Then, the slope of the tangent to the given curve at \( x=4 \) is given by,
\(
\left.\left.\frac{d y}{d x}\right]_{x=4}=12 x^{3}-4\right]_{x=4}=12(4)^{3}-4\)
\(=12(64)-4\)
\(=764
\)
Therefore, the slop of the tangent is 764.

The given curve is \( y=\frac{x-1}{x-2} \)
\(
\therefore \frac{d y}{d x}=\frac{(x-2)(1)-(x-1)(1)}{(x-2)^{2}}\)
\(=\frac{x-2-x+1}{(x-2)^{2}}\)
\(=\frac{-1}{(x-2)^{2}}
\)
Then, the slope of the tangent
\(
\left.\left.\frac{d y}{d x}\right]_{x=10}=\frac{-1}{(x-2)^{2}}\right]_{x=10}=\frac{-1}{(10-2)^{2}}=\frac{-1}{64}
\)
Therefore, the slope of the tangent is \( \frac{-1}{64} \).

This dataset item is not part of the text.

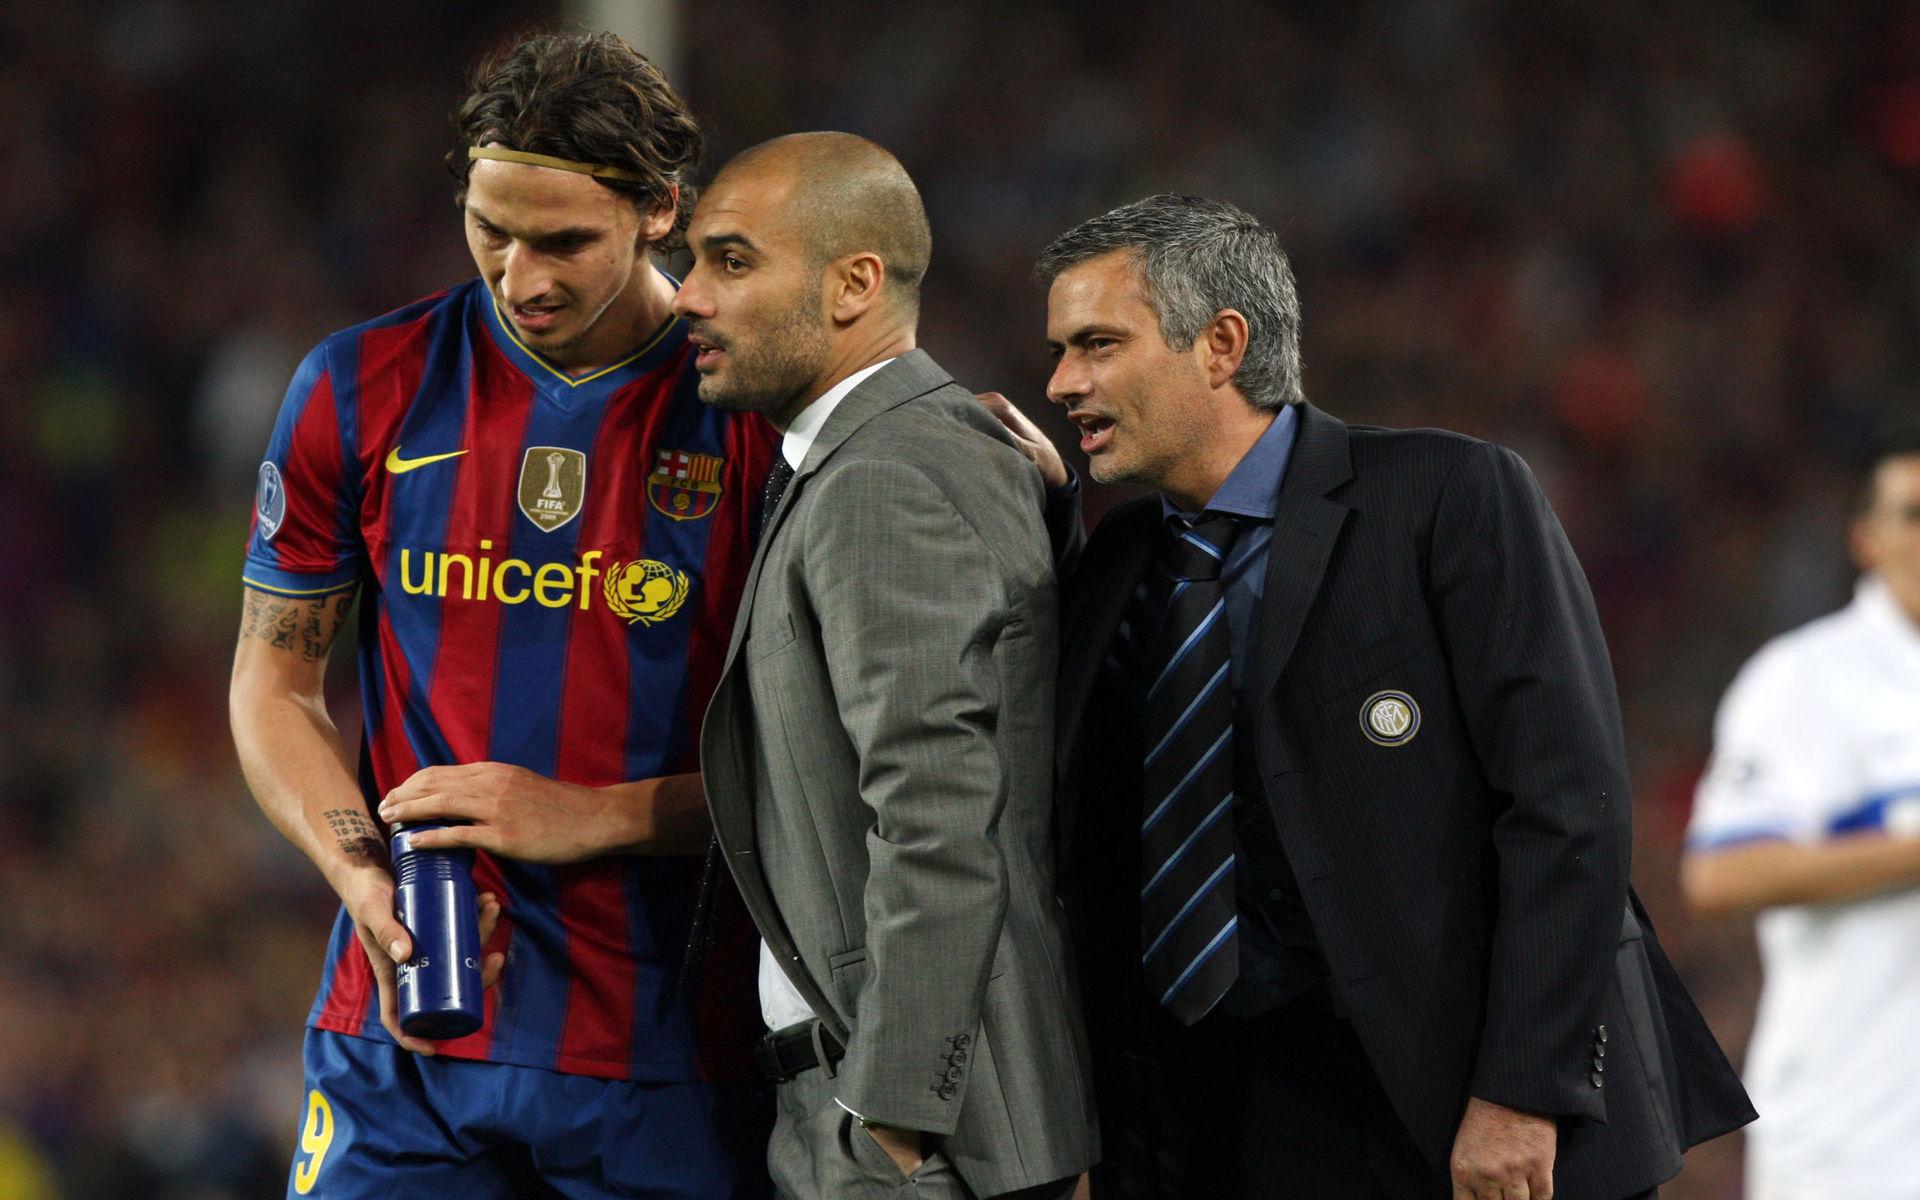 José Mourinho berättar nu vad han viskade bakom Zlatan Ibrahimovics och Pep Guardiolas rygg 2010.

The given curve is \( y=x^{3}-x+1 \)
\(
\therefore \frac{d y}{d x}=3 x^{2}-1
\)
Then, the slope of the tangent
\(
\left.\left.\frac{d y}{d x}\right]_{x=4}=3 x^{2}-1\right]_{x=2}=3(2)^{2}-1\)
\(=12-1=11
\)
Therefore, the slope of the tangent 11 .

The given curve is \( y=x^{3}-3 x+2 \)
\(
\therefore \frac{d y}{d x}=3 x^{2}-3
\)
Then, the slope of the tangent
\(
\left.\left.\frac{d y}{d x}\right]_{x=3}=3 x^{2}-3\right]_{x=3}=3(3)^{2}-3
\)
\(
=27-3=24
\)
Therefore, the slope of the tangent 24 .

The given curve is \( y=\operatorname{acos}^{3} \theta \) and \( y=\operatorname{asin}^{3} \theta \)
\(
\therefore \frac{d x}{d \theta}=3 \operatorname{acos}^{2} \theta(-\sin \theta)=-3 a \cos ^{2} \theta \sin \theta\)
\(\frac{d y}{d \theta}=3 \mathrm{asi} n^{2} \theta \cos \theta\)
\(\frac{d y}{d x}=\frac{\frac{d y}{d \theta}}{\frac{d x}{d \theta}}=\frac{3 a sin^{2} \theta \cos \theta}{-3 a \cos ^{2} \theta \sin \theta}\)
\(=-\frac{\sin \theta}{\cos \theta}=-\tan \theta
\)
Then, the slope of the tangent \( \theta=\frac{\pi}{4} \) is given by:
\(
\left.\left.\frac{d y}{d x}\right]_{\theta=\frac{\pi}{4}}=-\tan \theta\right]_{\theta=\frac{\pi}{4}}=-\tan \frac{\pi}{4}=-1
\)
Then, the slope of the tangent \( \theta=\frac{\pi}{4} \) is given by: \( \frac{1}{\text { slope of the tangent at } \theta=\frac{\pi}{4}}=\frac{-1}{-1}=1 \)
Therefore, the slope of the tangent 1 .

The given curve is \( x=1-a \sin \theta \) and \( y=b \cos ^{2} \theta \)
\(
\therefore \frac{d x}{d \theta}=-\mathrm{a} \cos \theta\)
\(\frac{d y}{d \theta}=-2 \mathrm{~b} \sin \theta \cos \theta\)
\(\frac{d y}{d x}=\frac{\frac{d y}{d \theta}}{\frac{d x}{d \theta}}=\frac{-2 \mathrm{~b} \sin \theta \cos \theta}{-a \cos \theta}=\frac{2 b}{a} \sin \theta
\)
Then, the slope of the tangent \( \theta=\frac{\pi}{2} \) is given by:
\(
\left.\left.\frac{d y}{d x}\right]_{\theta=\frac{\pi}{2}}=\frac{2 b}{a} \sin \theta\right]_{\theta=\frac{\pi}{2}}=\frac{2 b}{a} \sin \frac{\pi}{2}=\frac{2 b}{a}
\)
Then, the slope of the tangent \( \theta=\frac{\pi}{2} \) is given by:
\(
\frac{1}{\text { slope of the tangent at } \theta=\frac{\pi}{2}}=\frac{-1}{\left(\frac{2 b}{a}\right)}=-\frac{a}{2 b}
\)
Therefore, the slope of the tangent \( -\frac{a}{2 b} \).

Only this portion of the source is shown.